Наёмный самоубийца, или Суд над победителем (СИ) - Логинов Геннадий. Страница 41
Искушение плюнуть на всё и бросить игру было велико, но клоун подозревал, что негодяй не солгал и последствия могут быть плачевными для всех; в то время как, продолжая игру, Фокус-покус, во всяком случае, имел хоть какие-то шансы если и не спасти всех и каждого от неминуемой гибели, то, во всяком случае, минимизировать потери настолько, насколько это было бы возможно.
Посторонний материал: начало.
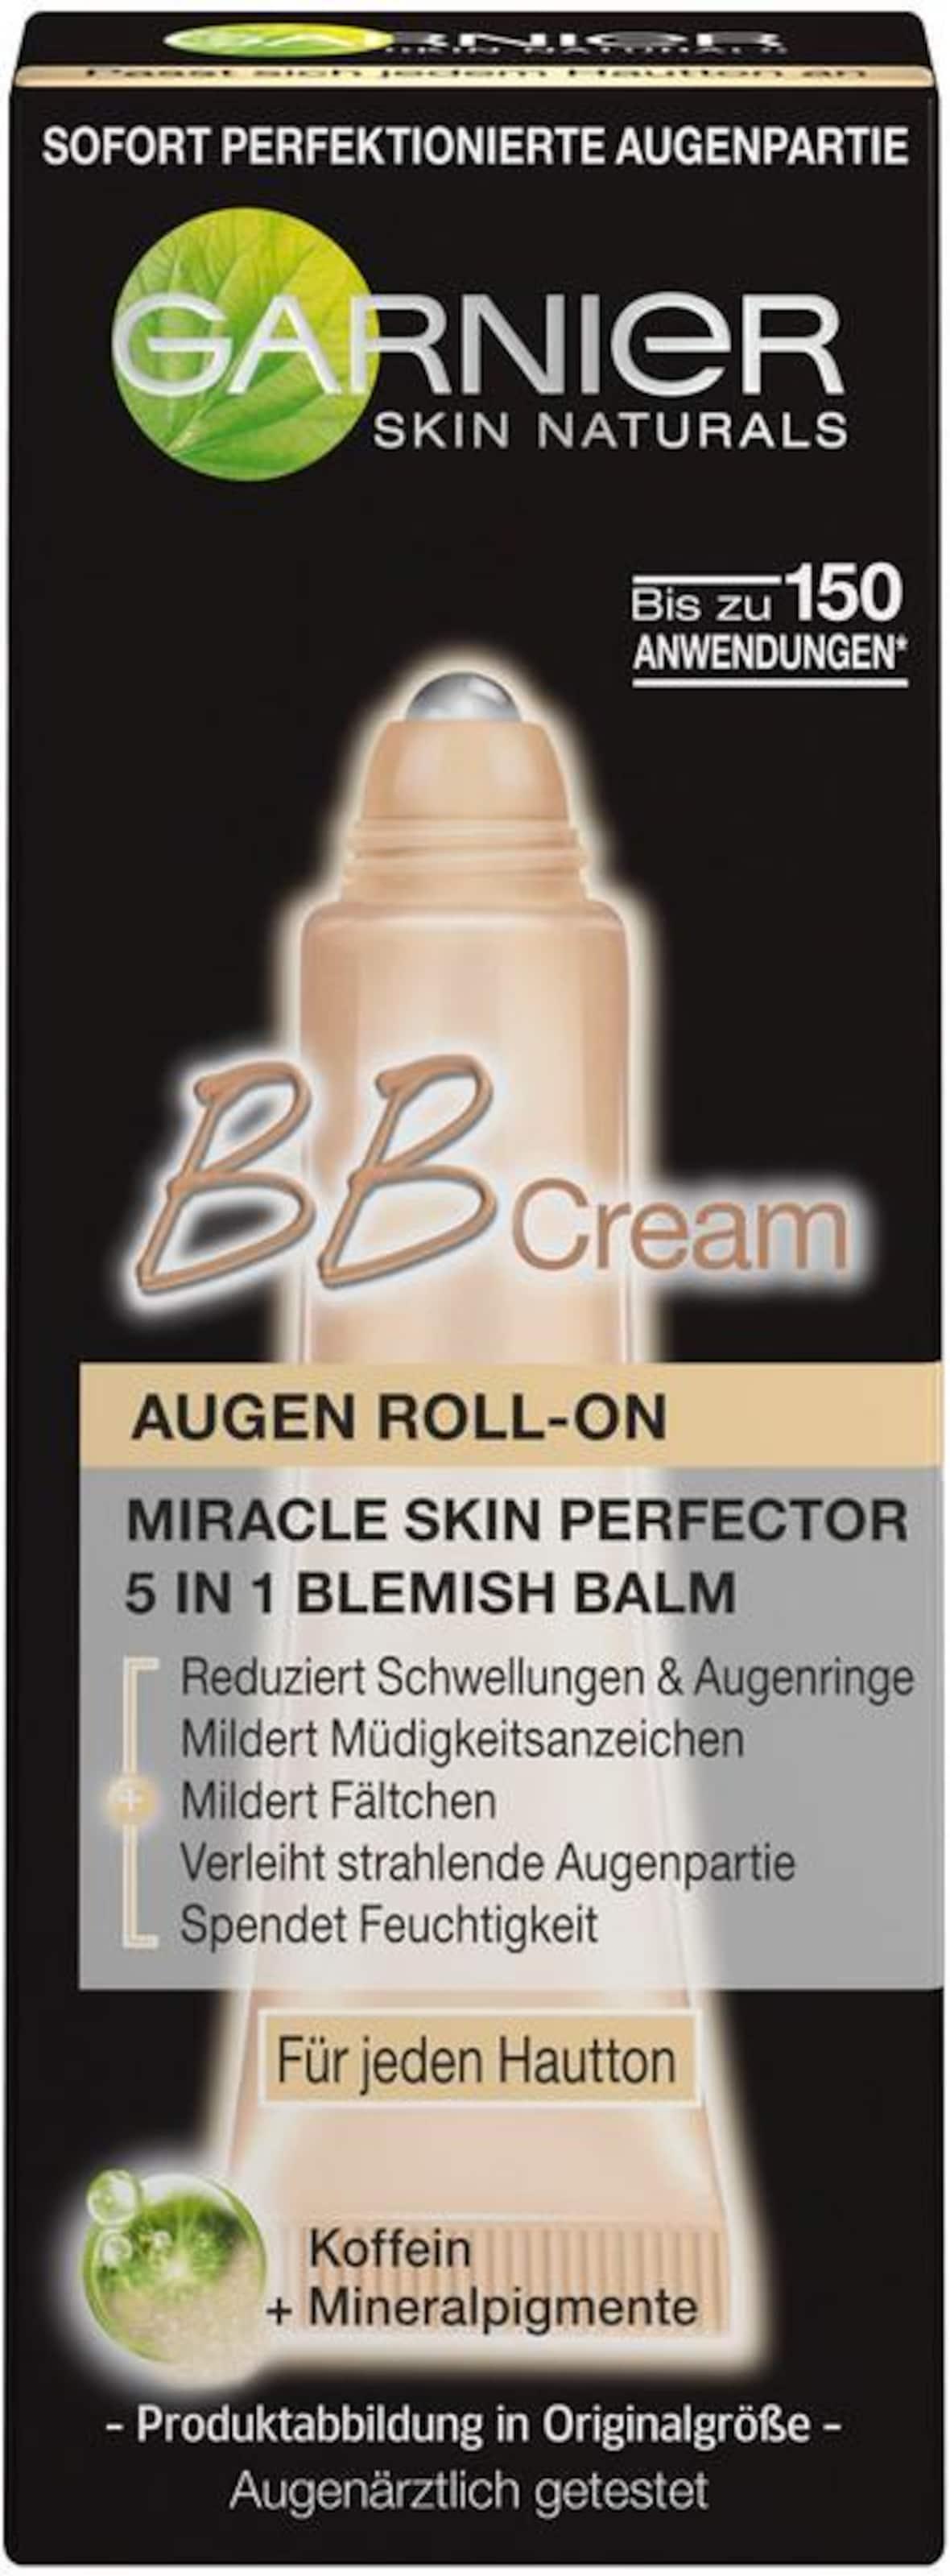 GARNIER 'Miracle Skin Perfector BB Cream Augen Roll-On', Augenpflege

Но вместе с тем перед ним вставала дилемма — кто он такой, чтобы жертвовать кем-то, хоть бы даже и ради спасения остальных? Разумеется, он не мог выиграть партию без необходимости брать и жертвовать фигуры. И если бы он не съедал те шахматы, которые представляли угрозу для безопасности его фигур, в свою очередь, не жертвуя хотя бы пешками для обеспечения лучшего контроля над ситуацией, — мат был бы для него неизбежен. Но одно дело — некие безликие фигуры на доске, и совсем другое — вполне конкретные живые люди, с которыми он долгие годы провёл бок о бок, давая выступления и переезжая из города в город, из страны в страну. Они здоровались с ним, пили с ним чай, разговаривали о погоде, поднимали бокалы на его свадьбе, а теперь — он ложился спать и на следующий день узнавал, что в рядах циркачей становилось на человека меньше, а то и на два. Но если для победы в партии ему придётся пожертвовать ферзём — найдёт ли он в себе силы поставить Марселину под удар ради спасения остальных и победы над чудовищем, которое, в противном случае, будет жить, и дальше преумножая чужое горе? Или откажется от игры, тем самым подписав приговор и ей, и себе, и остальным?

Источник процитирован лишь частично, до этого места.